The state machine has a task state and a parallel state with multiple Map states in it:

  • Task state – The DynamoDB table contains details about test cases pertaining to a certain test module. In the task state, it will get the test module as input and using that it queries the DynamoDB table to get the list of test cases, which returns an array or list of test case IDs pertaining to that specific module. These test cases will be passed as input to the next state to execute all of them in parallel.
  • Parallel state – This state launches parallel test runs on Chrome Stable, Chrome Beta, Firefox Stable, and Firefox Beta browser versions, and two other runs on Chrome and Firefox to record the test run as a video (which you can use for debugging purposes if needed). Every parallel state launches a Map state based on the number of test cases obtained from the task state, which trigger a separate Lambda function or Fargate task for every test case simultaneously. For more information about the amount of parallelism you can achieve, see Lambda quotas and Amazon ECS service quotas.
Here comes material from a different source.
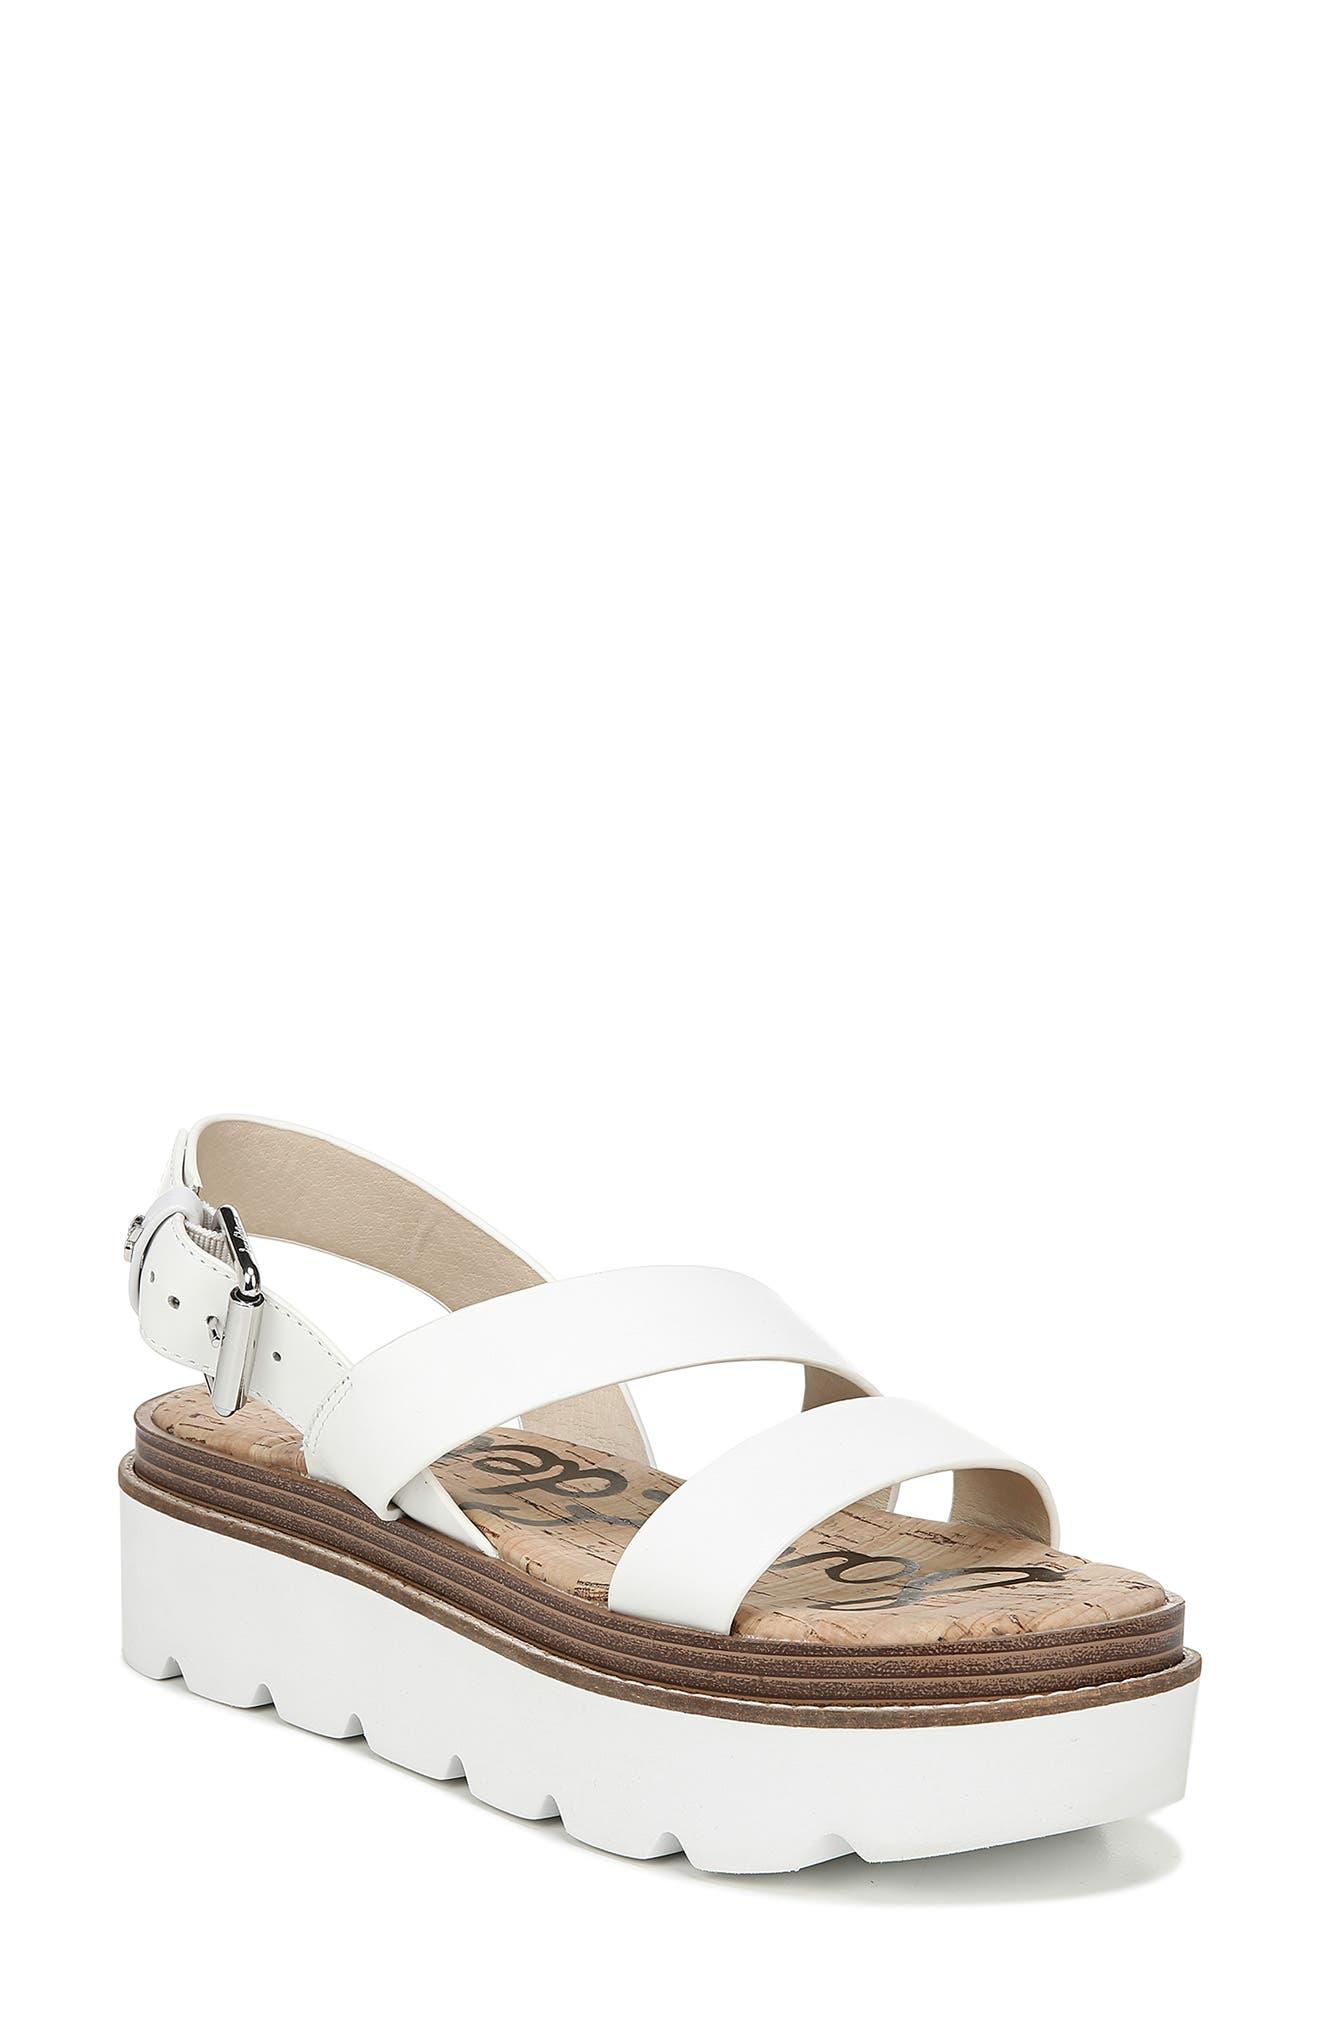 Sam Edelman Rasheed Slingback Platform Sandal, White

Recording the test run as a video

One of the parallel states in the state machine is to record the video of the test execution. To record the test run as a video, we use headful Chrome and Firefox and need a display where the headful browser can launch. Because we can’t have a graphical display in both Lambda and Fargate, we use X virtual framebuffer (Xvfb) and PyVirtualDisplay, which is a Python wrapper for Xvfb. In this example, we set the DISPLAY environment variable to :25 in the Lambda function and Fargate container, then start the Xvfb on display :25. We use FFmpeg to listen to input on display :25 in x11grab format and write output to a file in .mp4 format. When the recording is complete, you upload it to Amazon S3 from the local file system.

Recording video might need additional compute resources and run longer than needed for only running the tests. Therefore, you can conditionally record video (rerun a failed test to record it as a video for debugging).

GIF of text execution recordeed as video

Clean Up To clean up the resources delete the following resources.

  • CloudFormation stack with a prefix SUIT-Prod-Stack-
  • CloudFormation stack that you created with pipeline.yaml template.
  • Two S3 buckets that was created by the pipeline stack which follows the below naming convention.
    • <PIPELINE_STACK_NAME>-codepipeline-artifact-<ACCOUNT_ID>-
    • <PIPELINE_STACK_NAME>-test-output-<ACCOUNT_ID>-

Conclusion

In this post, I showed how you can build a container image to use in both Lambda and Fargate. We integrated UI testing as part of the continuous delivery pipeline using CodePipeline, CodeBuild, AWS CloudFormation, and Step Functions.

You can extend this approach beyond UI testing and integrate complete automated testing using AWS Developer Tools and Serverless technologies.